Soldiers of the 1st Infantry Division, Fort Riley, Kansas, deploy to Iraq in last October as part of the 475 troops President Barack Obama ordered Sept. 10 to support our ally’s fight against the Islamic State of the Levant, the Pentagon announced at a Sept. 25 briefing.

Secretary of Defense Charles T. “Chuck” Hagel signed the deployment order Sept. 24 that sends 500 personnel from the division’s headquarters and headquarters battalion to the control of U.S. Central Command, the joint-force command with control over the Middle East, said Navy Rear Admiral John Kirby, a Defense Department spokesman.

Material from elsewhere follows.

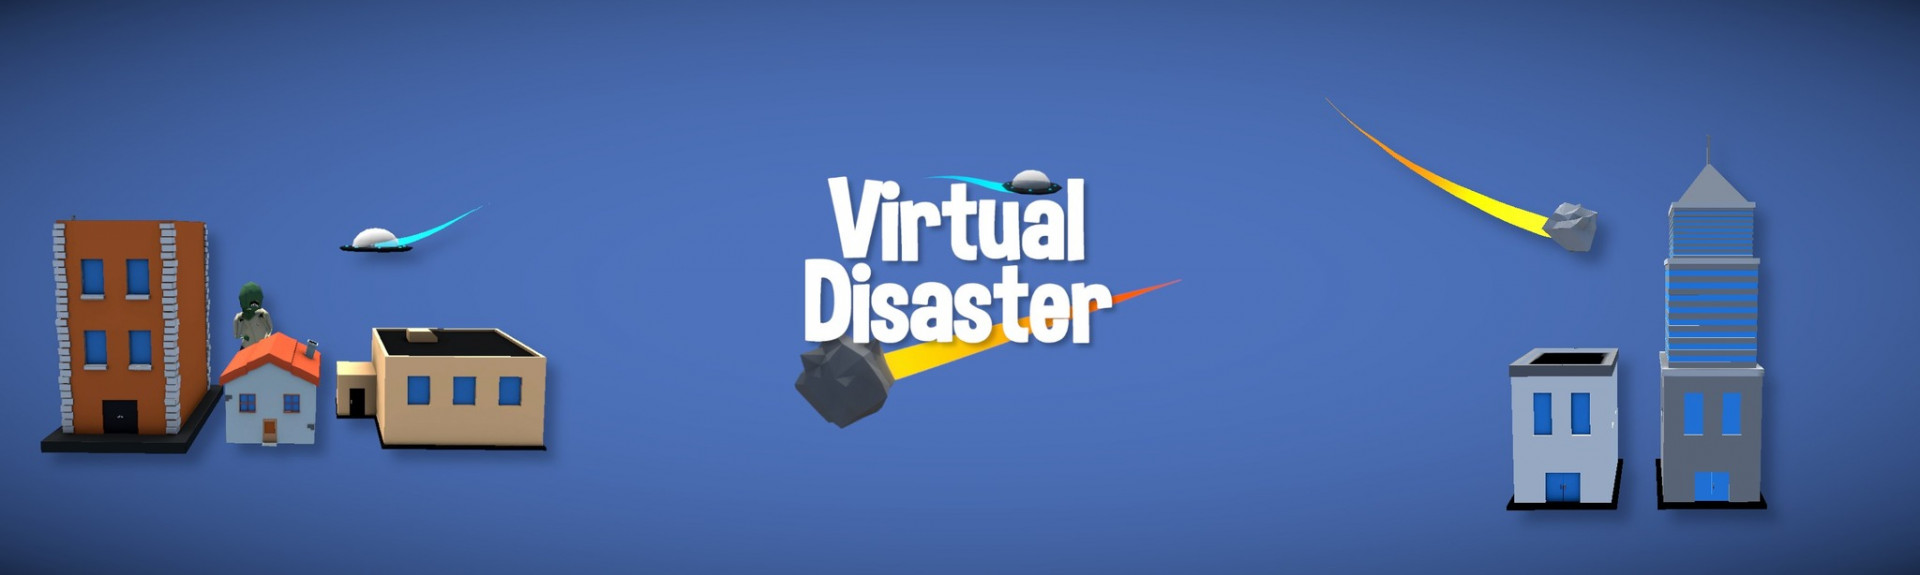 Virtual Disaster

The deployment is expected to be for 12 months. The troops will advise and assist the Iraqi Security Forces to help them go on the offense against ISIL and conduct intelligence, surveillance and reconnaissance flights, he said. This will also increase the United States’ capacity to target ISIL and coordinate the activities of the U.S. military across Iraq.

The “Big Red One” is the oldest of the Army’s divisions and there is historical precedence for its troops to be the first to enter a hostile environment.

The division headquarters element was the “landowner” of the southern nine Iraqi provinces from 2010 to 2011, a time that included the second national election.

Known as the "Big Red One," the 1st Infantry Division is often the first unit sent into hostile areas. Although it is not authorized, 1ID soldiers often wear the red ceremonial patch. (Army photo)
Known as the “Big Red One,” the 1st Infantry Division is often the first unit sent into hostile areas. Although it is not authorized, 1ID soldiers often wear the red ceremonial patch. (Army photo)

“As brave, responsible and on-point Soldiers in the ‘Big Red One,’ we stand ready to deploy anywhere in the world to protect the United States of America, her citizens and her allies,” said Maj. Gen. Paul E. Funk II, 1st Inf. Div. and Fort Riley commanding general. “We are ready for anything because we know we have the nation behind us.”

Unlike the practice early in the Iraq War, headquarters elements can deploy independent from their organic unit as a module, in this case, the division headquarters is deploying as a package.

Kirby said 200 of the 500 troops will enter Iraq and the 300 others will remain outside the country as support. Only the 200 will count against the president’s 475 number, he said. The 475 number is also separate from the 15 to 17 military advisors that will be embedded with Iraqi Army brigades and their downtrace units. One hundred and thirty-eight Soldiers report to the Joint Operations Center at Baghdad, 68 to the Joint Operations Center in Erbil and roughly 10 more report to the Iraqi Army headquarters in Baghdad.